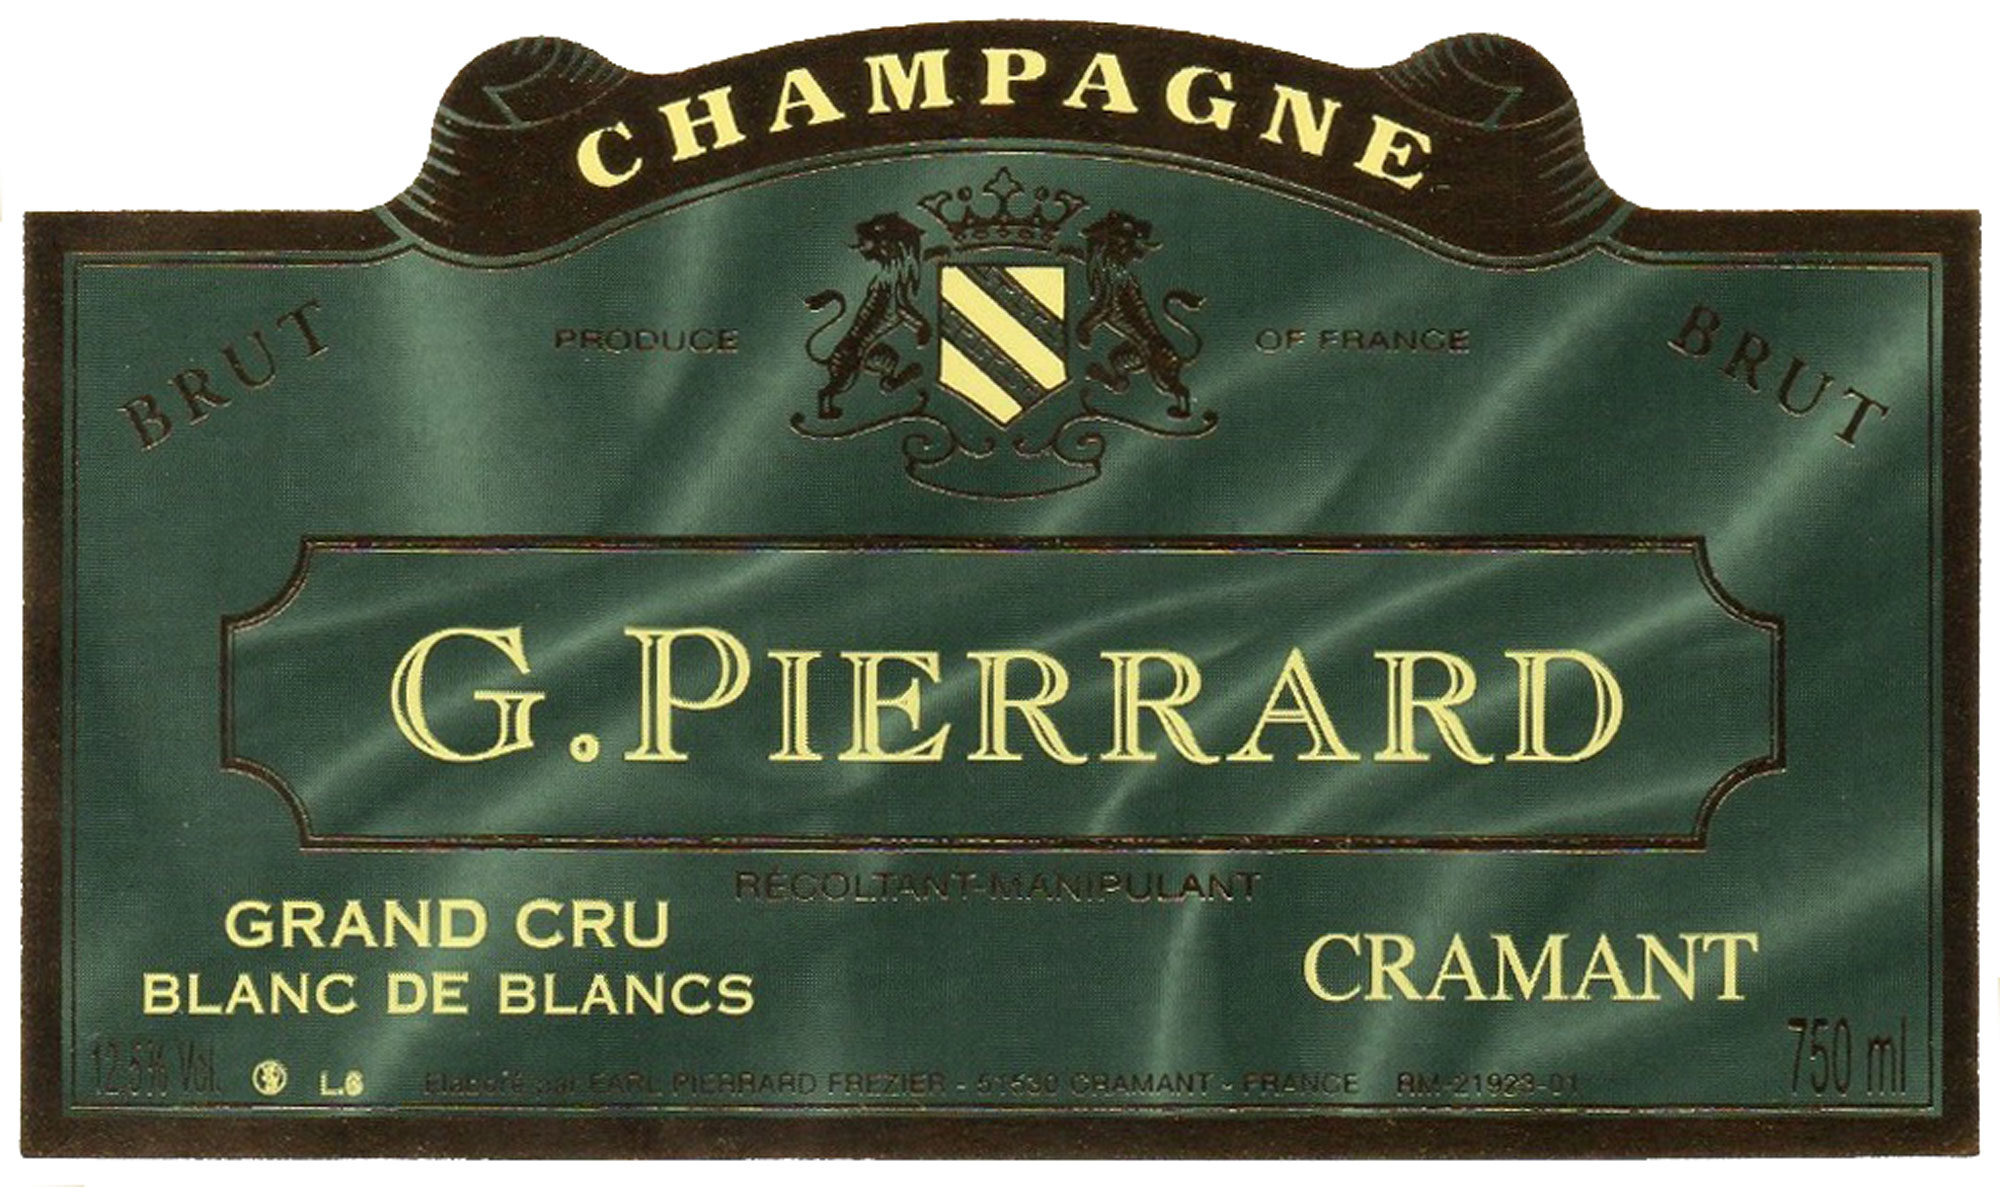 Champagne G. Pierrard
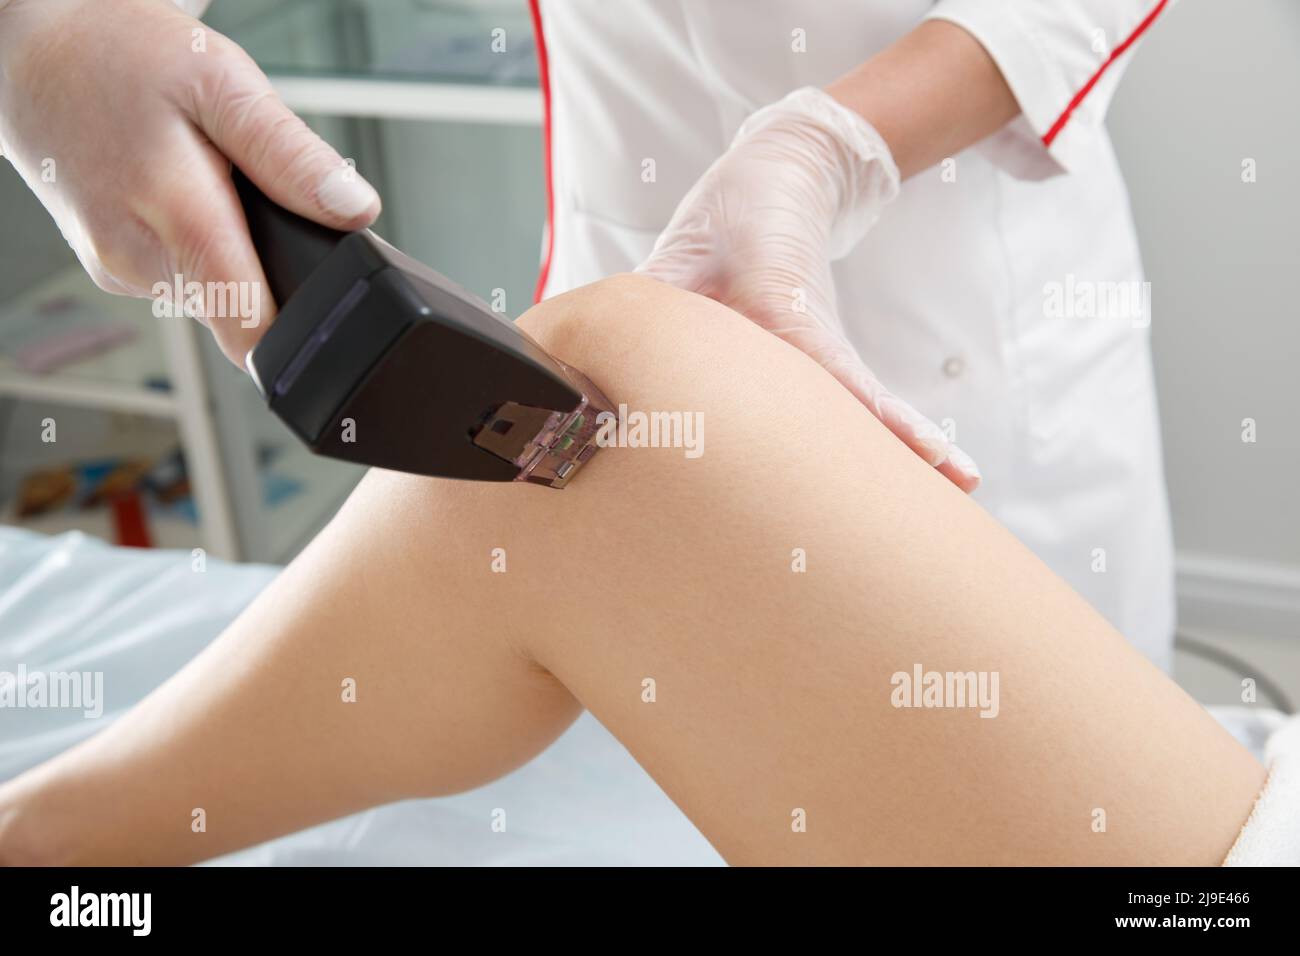 Une femme subit une procédure anti-cellulite dans une clinique de cosmétologie. Banque D'Images
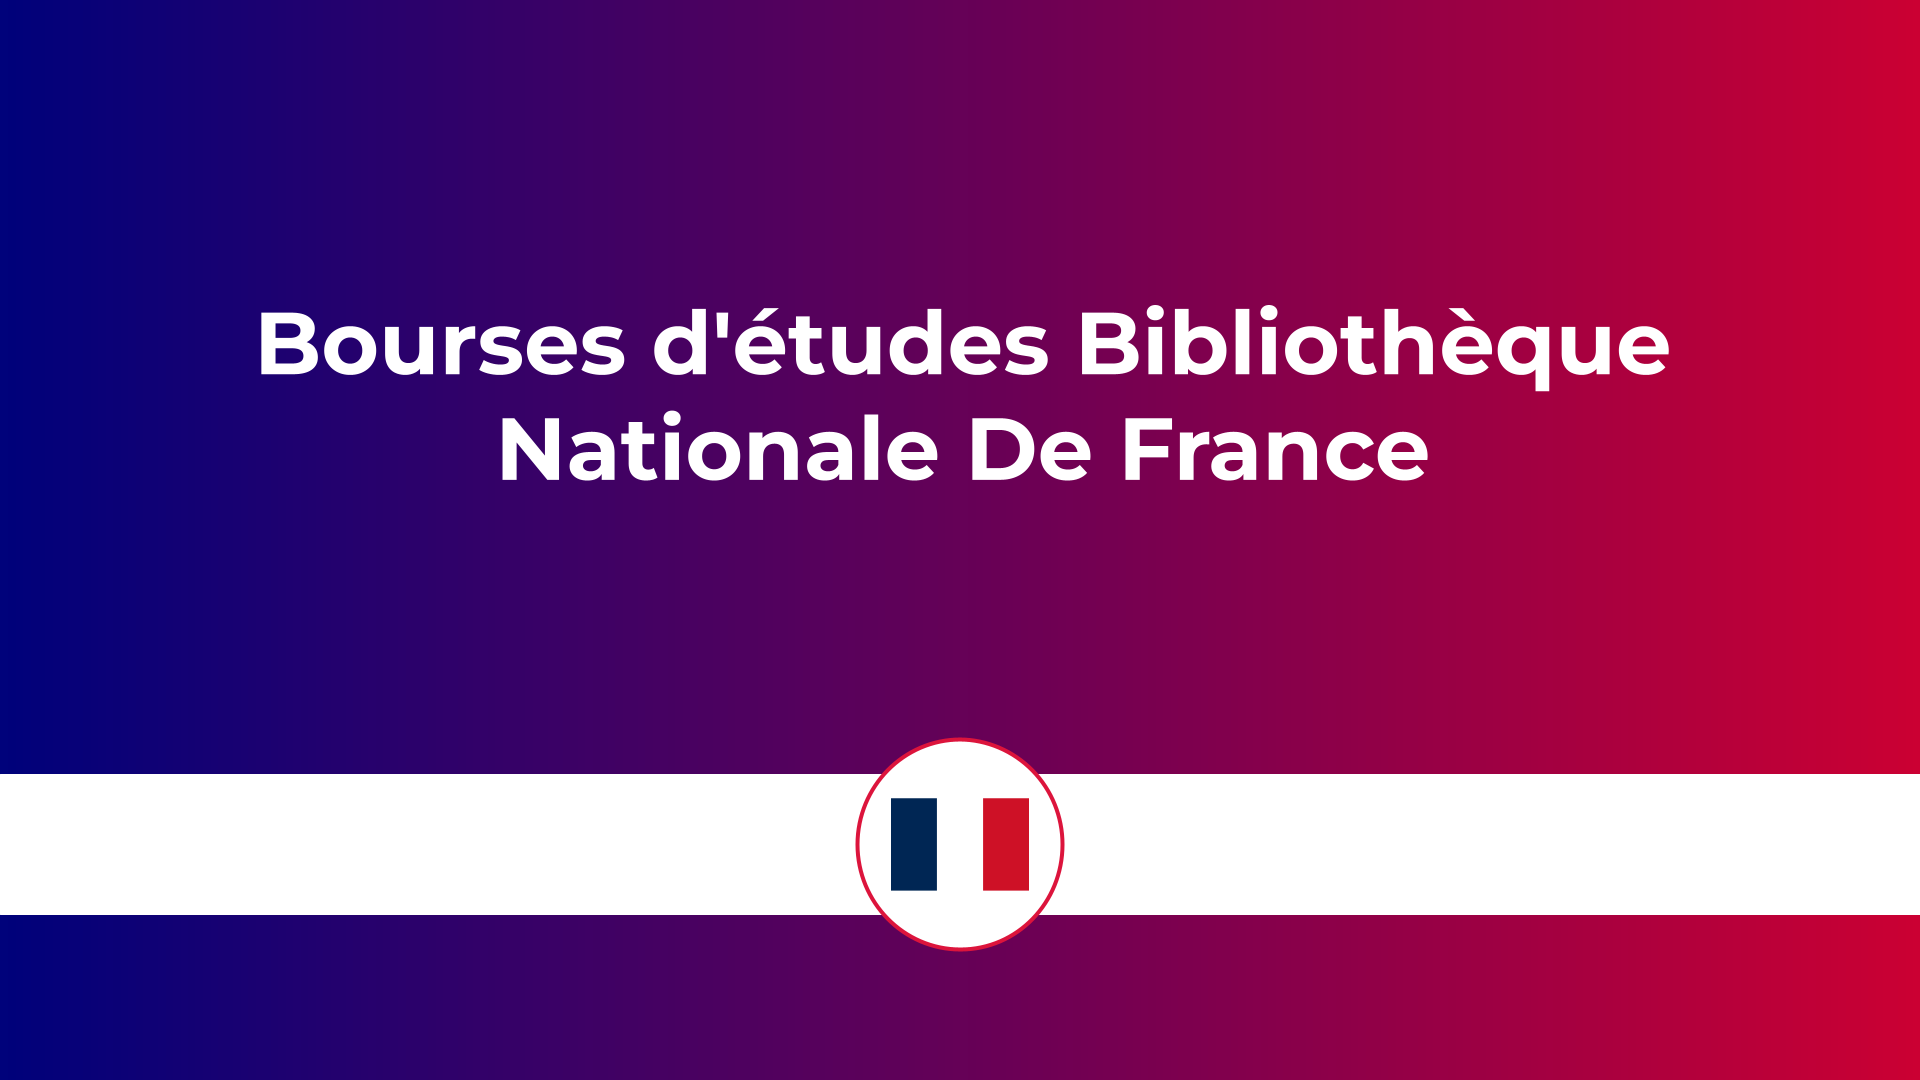 Bourses d'études Bibliothèque Nationale De France

What you are asked to do
What you print must be exactly the lines from the one containing "Une femme subit" through the last line of the material, and no pictures.

Response area
 Une femme subit une procédure anti-cellulite dans une clinique de cosmétologie. Banque D'Images
 Bourses d'études Bibliothèque Nationale De France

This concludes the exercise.